GIRO, 8a tappa: a Lago Laceno emerge il carattere della Liquigas-Cannondale

Secondo arrivo in salita: a dettare i tempi Ivan Basso e compagni. Damiano Caruso diventa leader della classifica giovani



Con una buona performance di squadra la Liquigas-Cannondale chiude il con il sorriso anche secondo giorno di media montagna e aggiunge un nuovo tassello alla sua corsa per la maglia rosa. Nella ottava tappa, da Sulmona a Lago Laceno di 229 km, la formazione guidata dai DS Zanatta e Volpi, ha dettato con Szmyd e Capecchi tempi e velocità sull’ultima ascesa in favore del capitano Ivan Basso e di Damiano Caruso. Il siciliano, grazie al costante forcing dei compagni, è riuscito a staccare Stetina e conquistare la maglia bianca di miglior giovane.

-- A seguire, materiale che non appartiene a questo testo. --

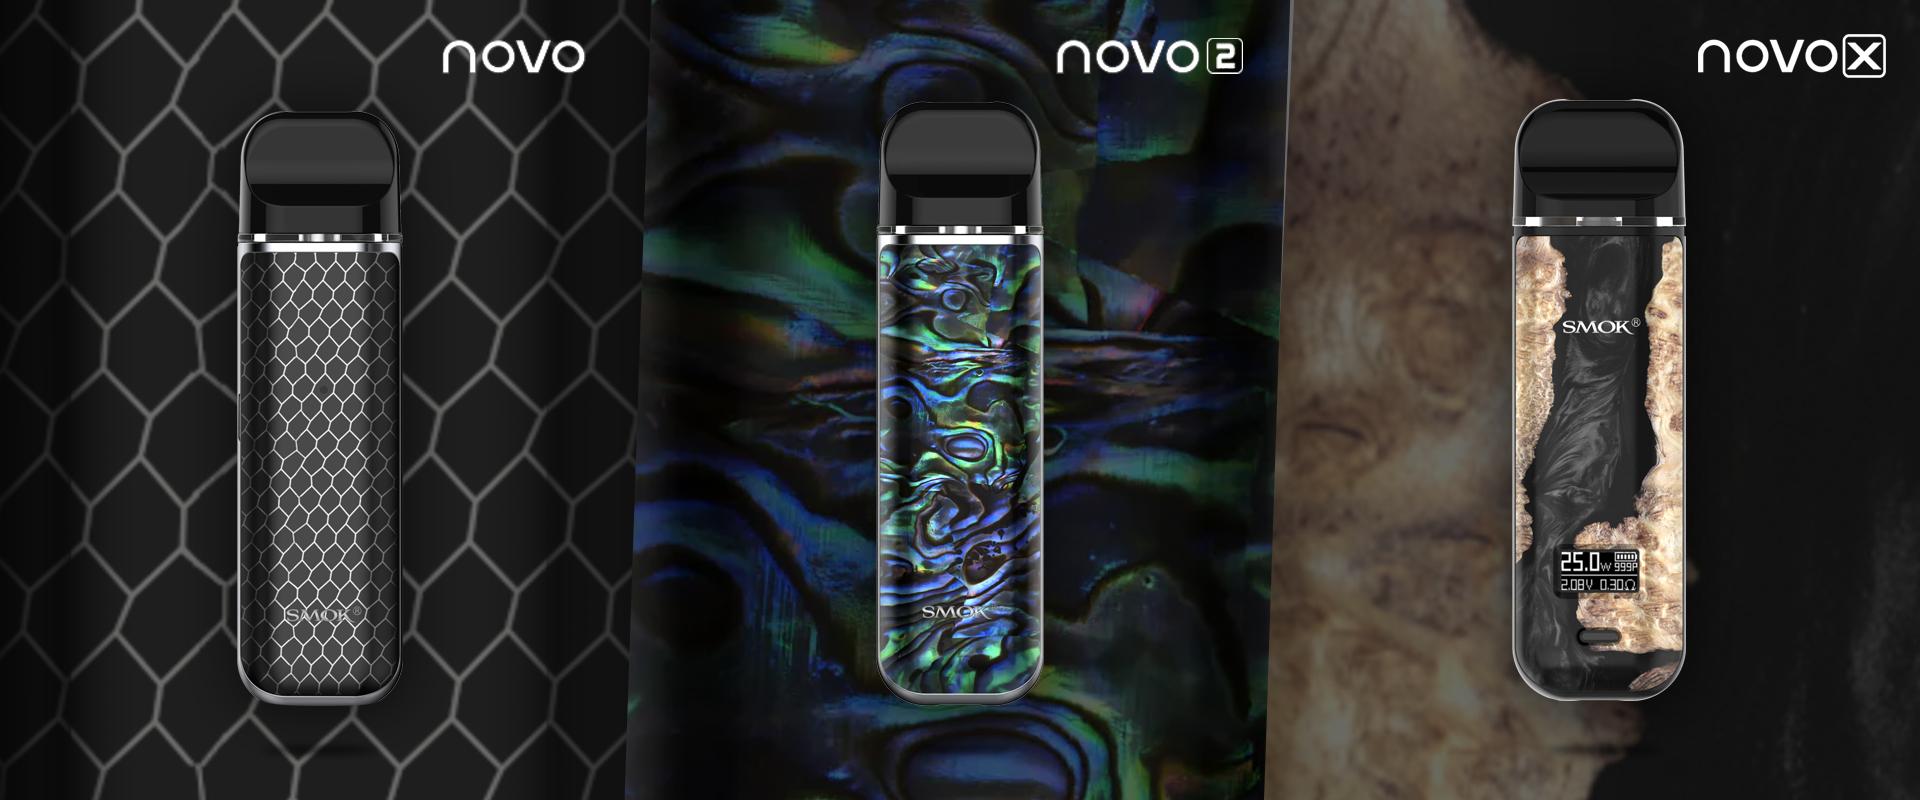 ¡El nuevo Smok NOVO que tienes que ojear!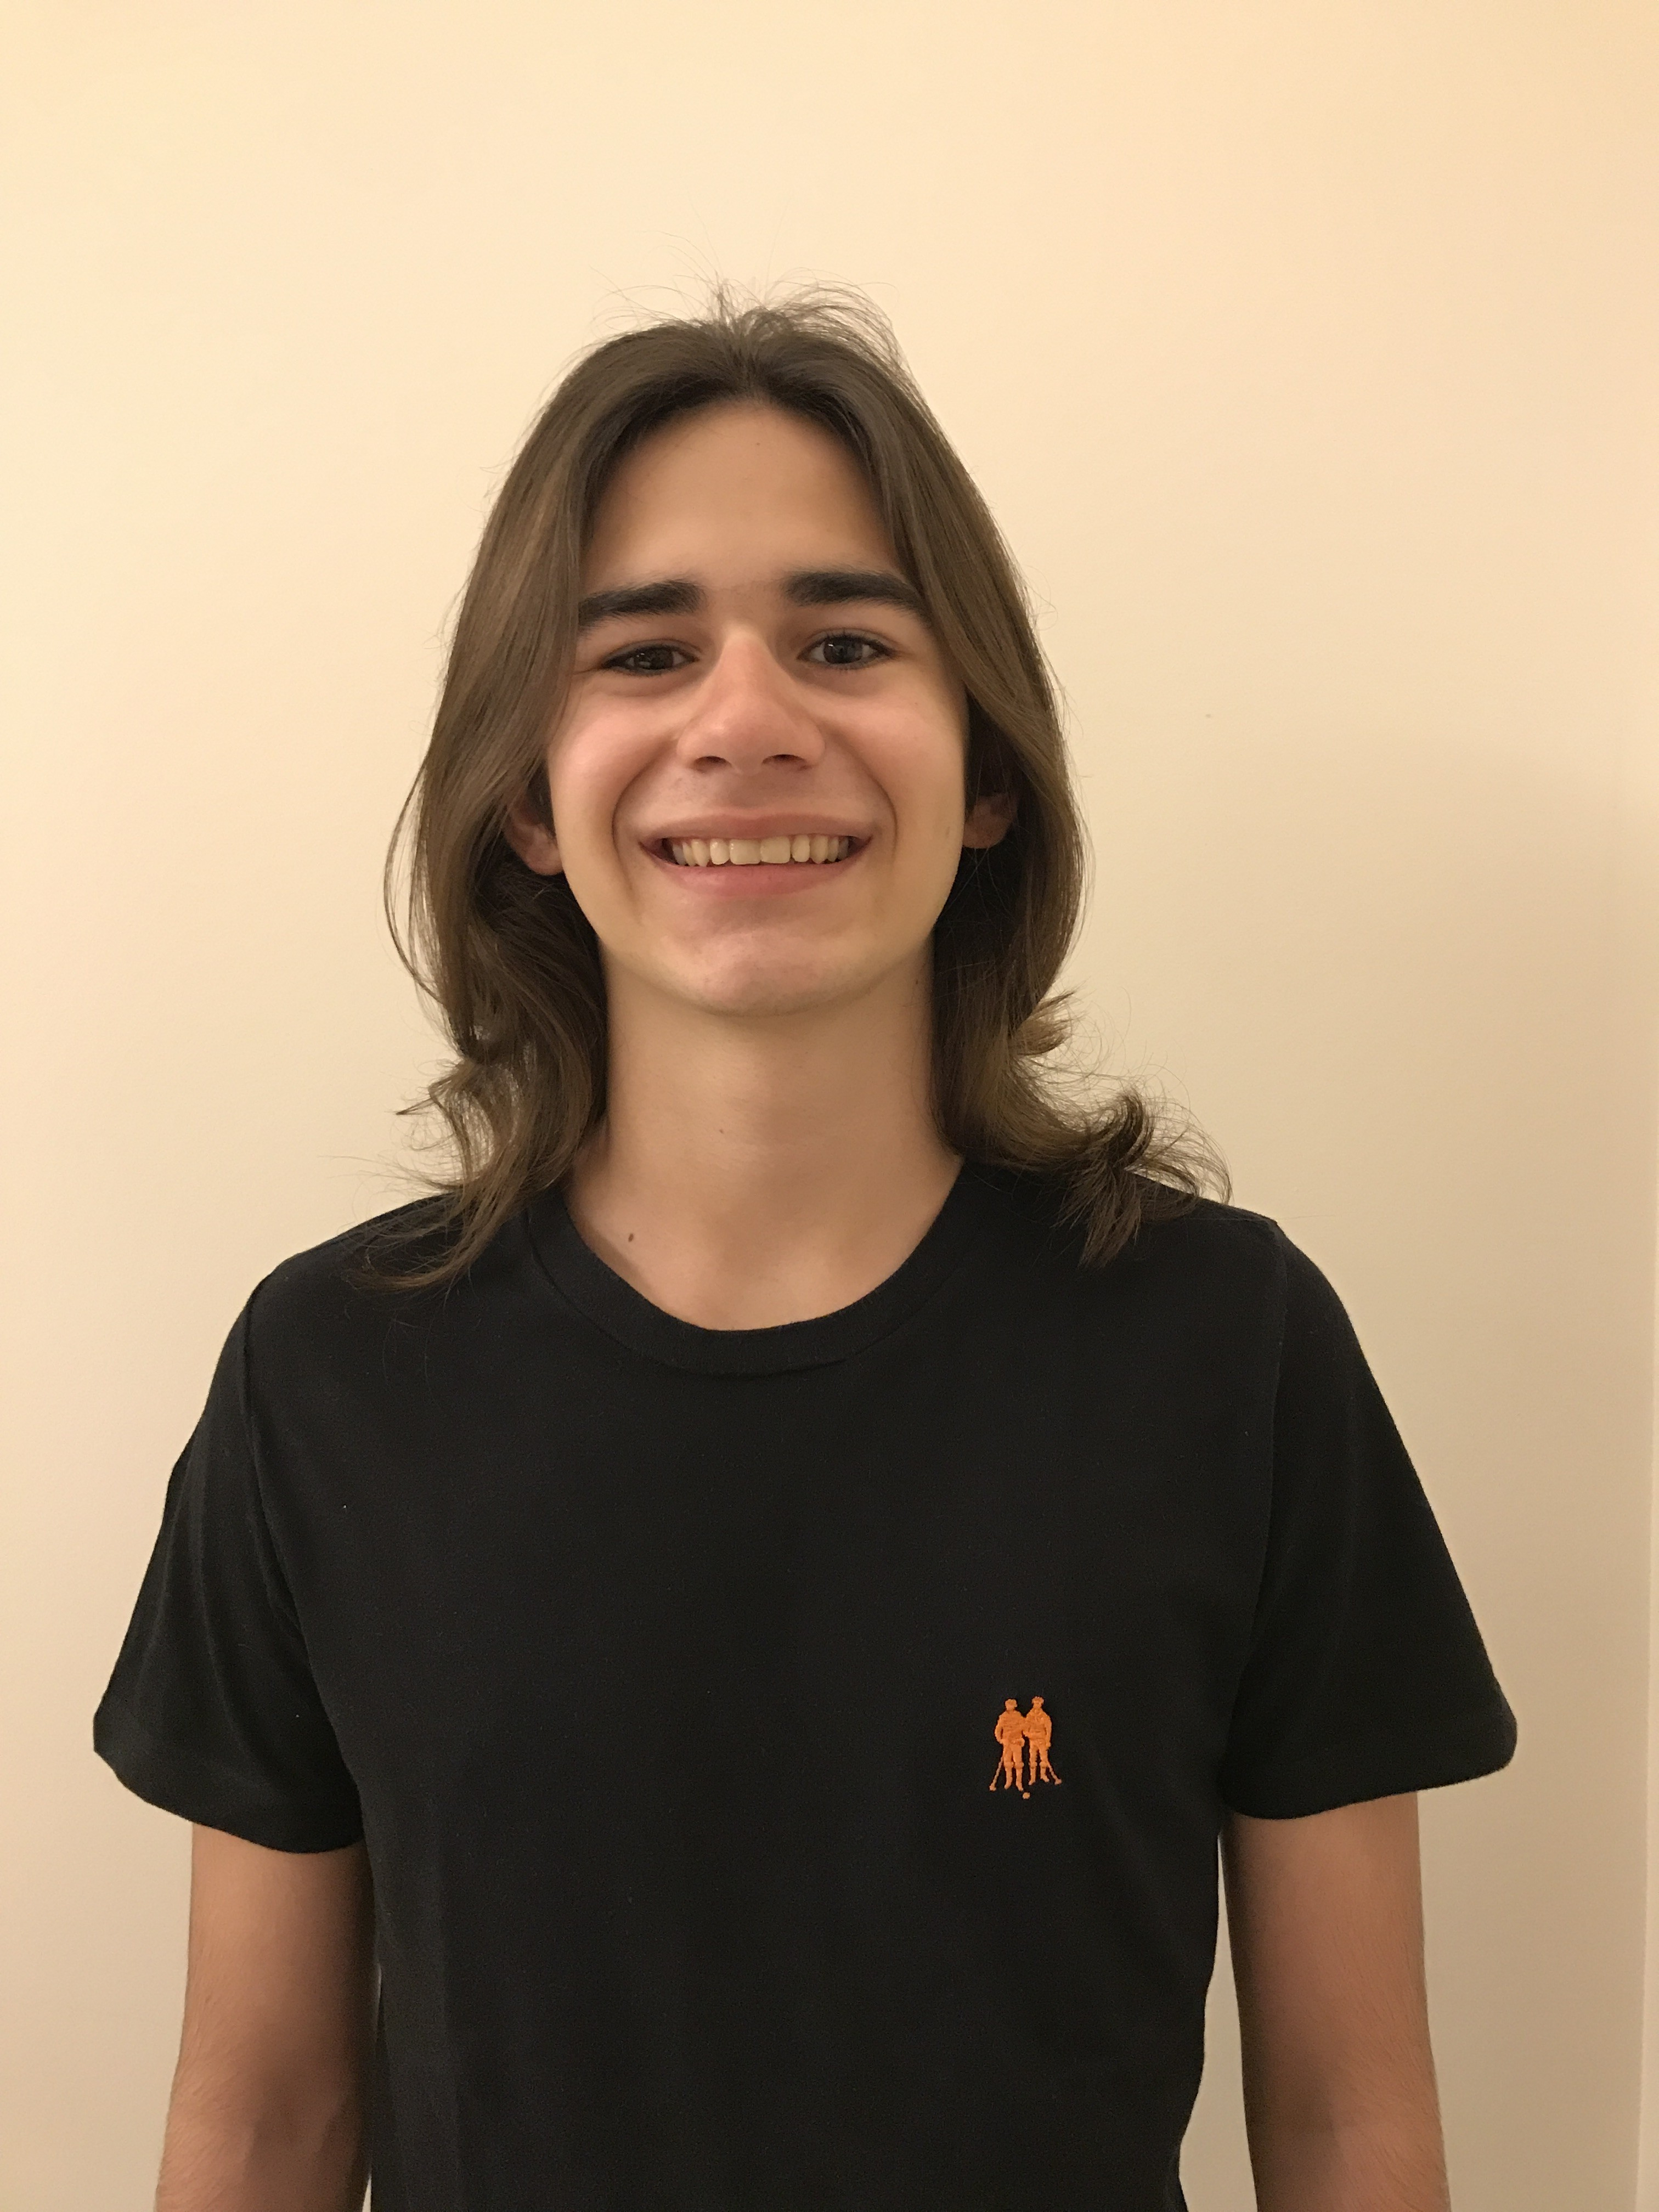 Fernando Ribeiro de Senna - tem 17 anos, é de Jundiaí (SP) e cursa o 3º ano do ensino médio no colégio Leonardo Da Vinci (Foto: divulgação)

Vincitore di giornata è stato Pozzovivo.



«Abbiamo interpretato la tappa come volevamo – ha spiegato Basso - su un terreno più esigente rispetto a quello di ieri ma pur sempre breve per provare un qualsiasi tipo di allungo o attacco. I miei compagni sono stati bravissimi a tenere l´andatura forte, utile per evitare allunghi pericolosi, per "appesantire" le gambe degli avversari e infine per favorire il nostro giovane Damiano Caruso e portarlo in maglia bianca. Gli faccio i miei perché è un ragazzo con grandi prospettive. Unico neo di giornata, se proprio, l´abbuono di Rodriguez. Archivio comunque la tappa con serenità: le sensazioni sono buone, i miei compagni sono eccezionali e, passo dopo passo, cresciamo».



«Vestire la maglia bianca è una bellissima emozione – ha affermato Caruso –. Se giorni fa mi avessero chiesto di puntarci, avrei detto “magari”. Questa mattina invece sono partito convinto di potercela fare. I compagni che guidavano il gruppo sono stati l’aiuto più grande per fare la selezione e staccare Stetina. Fino a quando ci sarà possibilità di tenere la maglia lotterò, ma l’obiettivo rimane solo e sempre quello di aiutare Ivan: quando la squadra mi chiederà di lavorare per lui sarò in prima fila. Questa esperienza rimane comunque importantissima per me. Mi sento un corridore per corse a tappe e il mio obiettivo è crescere sempre in questa direzione. Oggi ho indossato la maglia bianca, un giorno sogno di indossare quella rosa».



La tappa di oggi non ha proposto cambiamenti tra i big, salvo gli 8” di abbuono guadagnati da Rodriguez. Hesjedal è sempre maglia rosa, Basso è salito al sesto posto (sempre 40” di ritardo) seguito da Caruso (+ 45”). Nella classifica dei giovani il siciliano ha un vantaggio di 8” su Uran e 25” su Henao.